I'd make it 50NM. 5 is way too easy to bullshit with edge case engineering. Alternatively, set a minimum payload capacity of something like 100kg.
TeMPOraL 1 days ago [-]
Maybe "edge case engineering" is precisely what they're looking for? Get people to think about beating the rules with cheesy strategies, in hopes some of those could, with some cleverness, scale up and evolve into proper, broad-range solution - or at least become a key previously-missing component of one. But even if it can't, very narrow capabilities can still be useful too; military isn't beyond doing silly things if they offer enough tactical advantage (enough to offset extra burden on logistics, at least).
Legend2440 1 days ago [-]
From the rules:
>110 pounds is the minimum payload weight to receive a qualifying score.
xnx 1 days ago [-]
Giant hot air balloon for lift + 4 rotors for steering? It wouldn't be fast, but it might work [in low wind conditions].
How would you build a bullshit solution to move 2.5 pound around a 5 mile course (maneuvering) with a vehicle weight below 0.63 pound?
I think if you solve that it’s not a bullshit solution but actually useful.

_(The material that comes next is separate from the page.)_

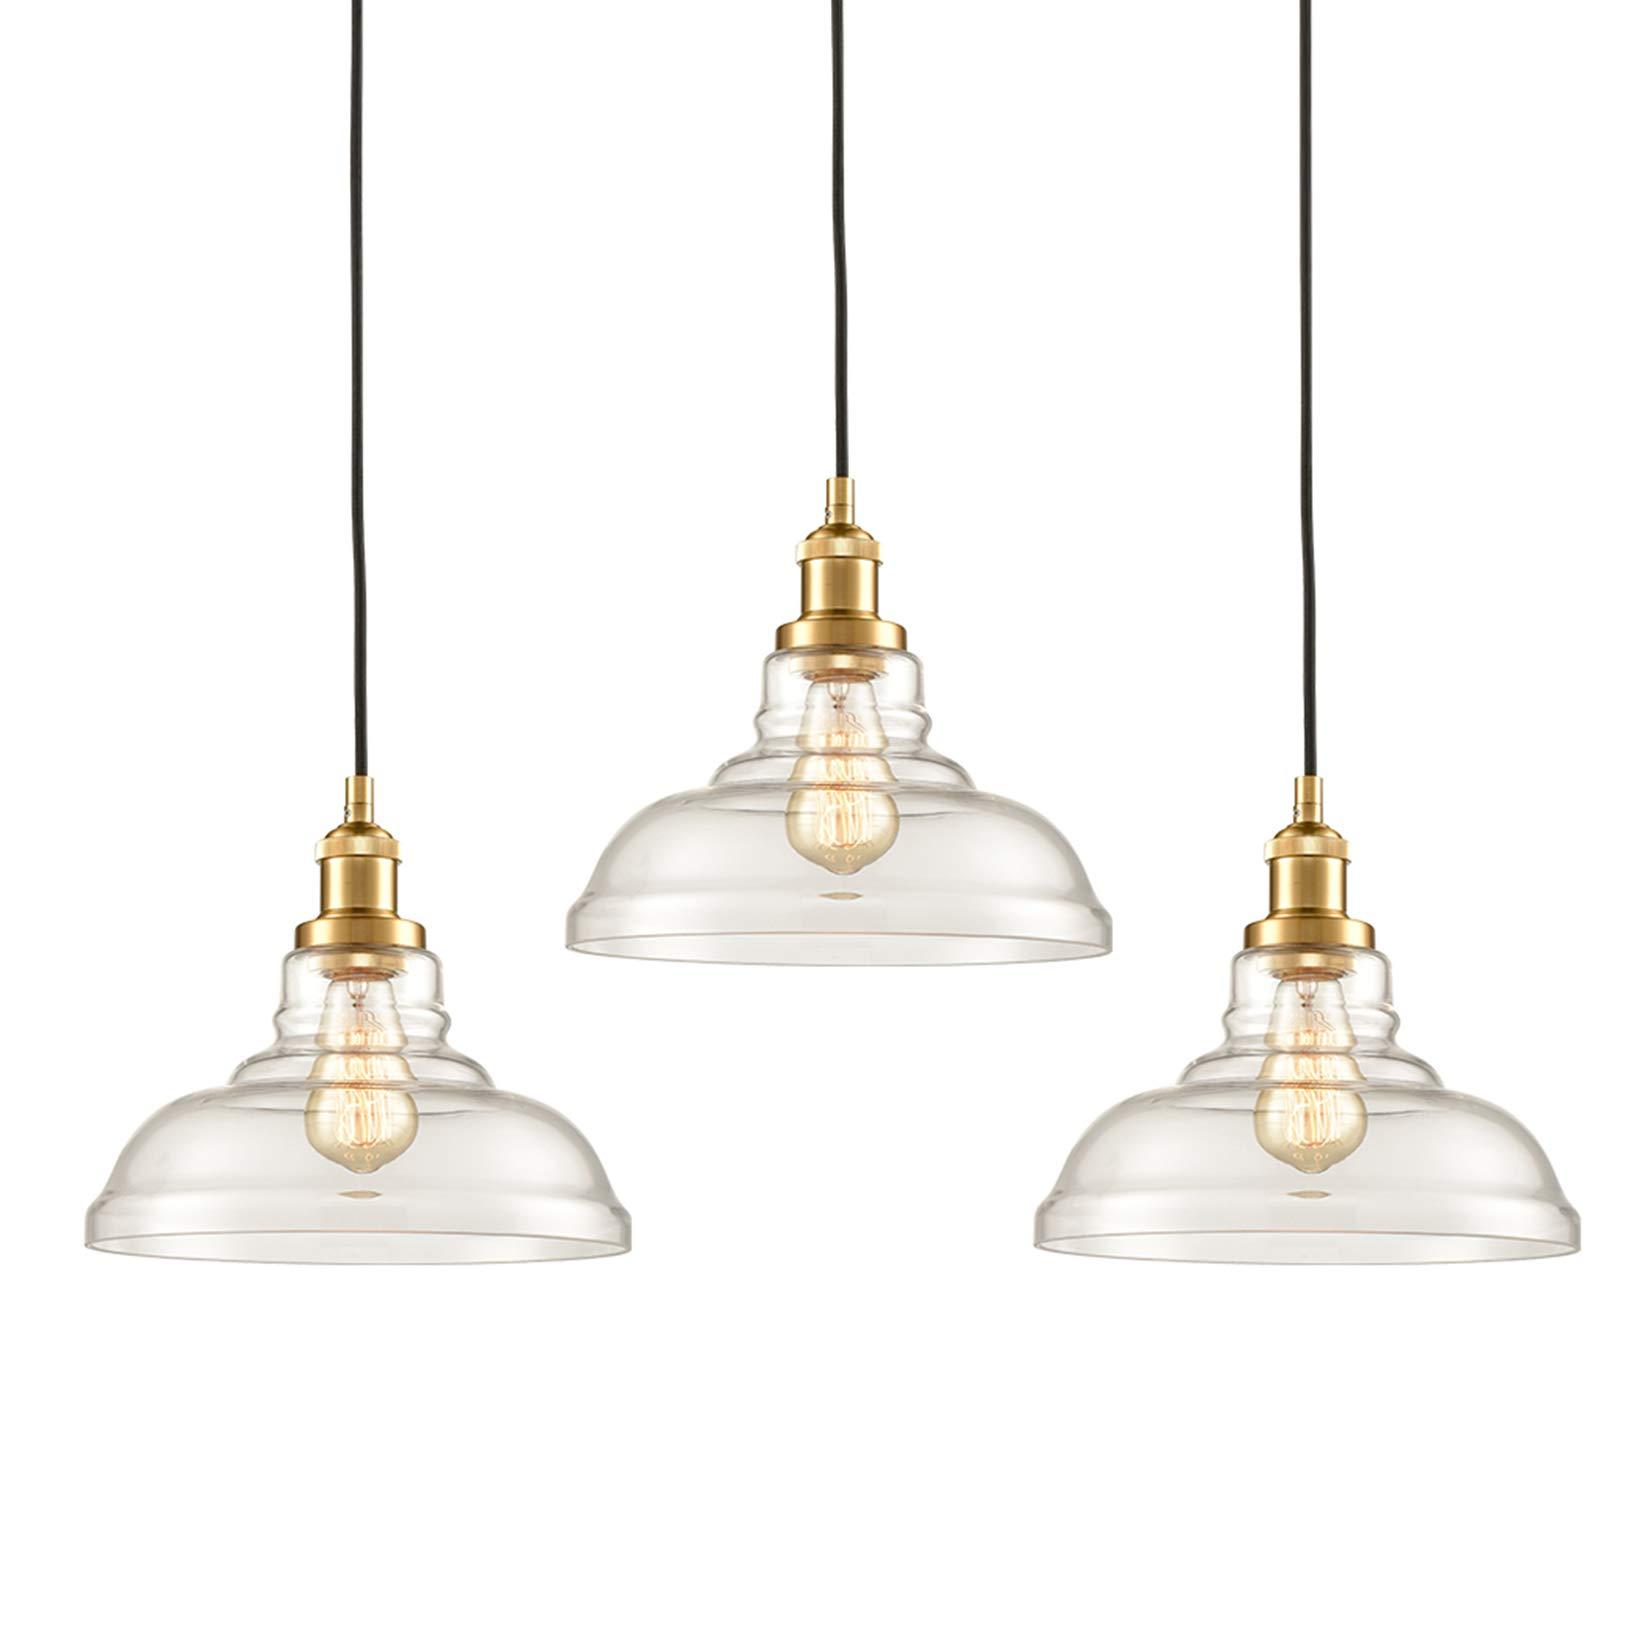 CLAXY Industrial Brass Pendant Lighting Glass Kitchen Island Hanging Lights-3 Pack

stratosgear 1 days ago [-]
Hate that "warfighter" has entered our vocabulary. It's so kitsch...
childintime 1 days ago [-]
CATL is working on 12000 Wh/kg air batteries, they will solve this problem, give them the prize.
1 days ago [-]
sysreq_ 1 days ago [-]
Been working this for a few months now. It’s not a crazy hard problem - but it does break the mold of distance and speed taking priority over capacity. If you have any questions feel free to ask. I can get into the pros/cons of all the various options and tuning knobs.
Catloafdev 23 hours ago [-]
> not a crazy hard problem
Saw the one video linked here comparing other existing transport ratios, and asking for double that is 'not crazy hard'? It certainly sounds like a challenge.
stevage 1 days ago [-]
Yeah I'd be interested to hear more about what the options might be. Also curious why it is that DARPA thinks this is solvable, but no one has come close yet.
sysreq_ 24 hours ago [-]
The tunable influences on a rotor are primarily velocity (rotation speed) and surface area (radius). Conceptually it’s more similar to something like a human powered helicopter (https://en.wikipedia.org/wiki/AeroVelo_Atlas) than you might expect.
1 days ago [-]
AndrewKemendo 1 days ago [-]
Why do you find it ethically ok to continue to support the Department of Defense/War?
mhb 22 hours ago [-]
How does the cognitive dissonance of having the luxury to express that opinion while being protected by the most powerful military in the world not rip you apart?
skulk 3 hours ago [-]
It feels like the US military is 90% racketeering and 10% physically protecting Americans, if that. Most of our protection comes from two gigantic oceans on both sides.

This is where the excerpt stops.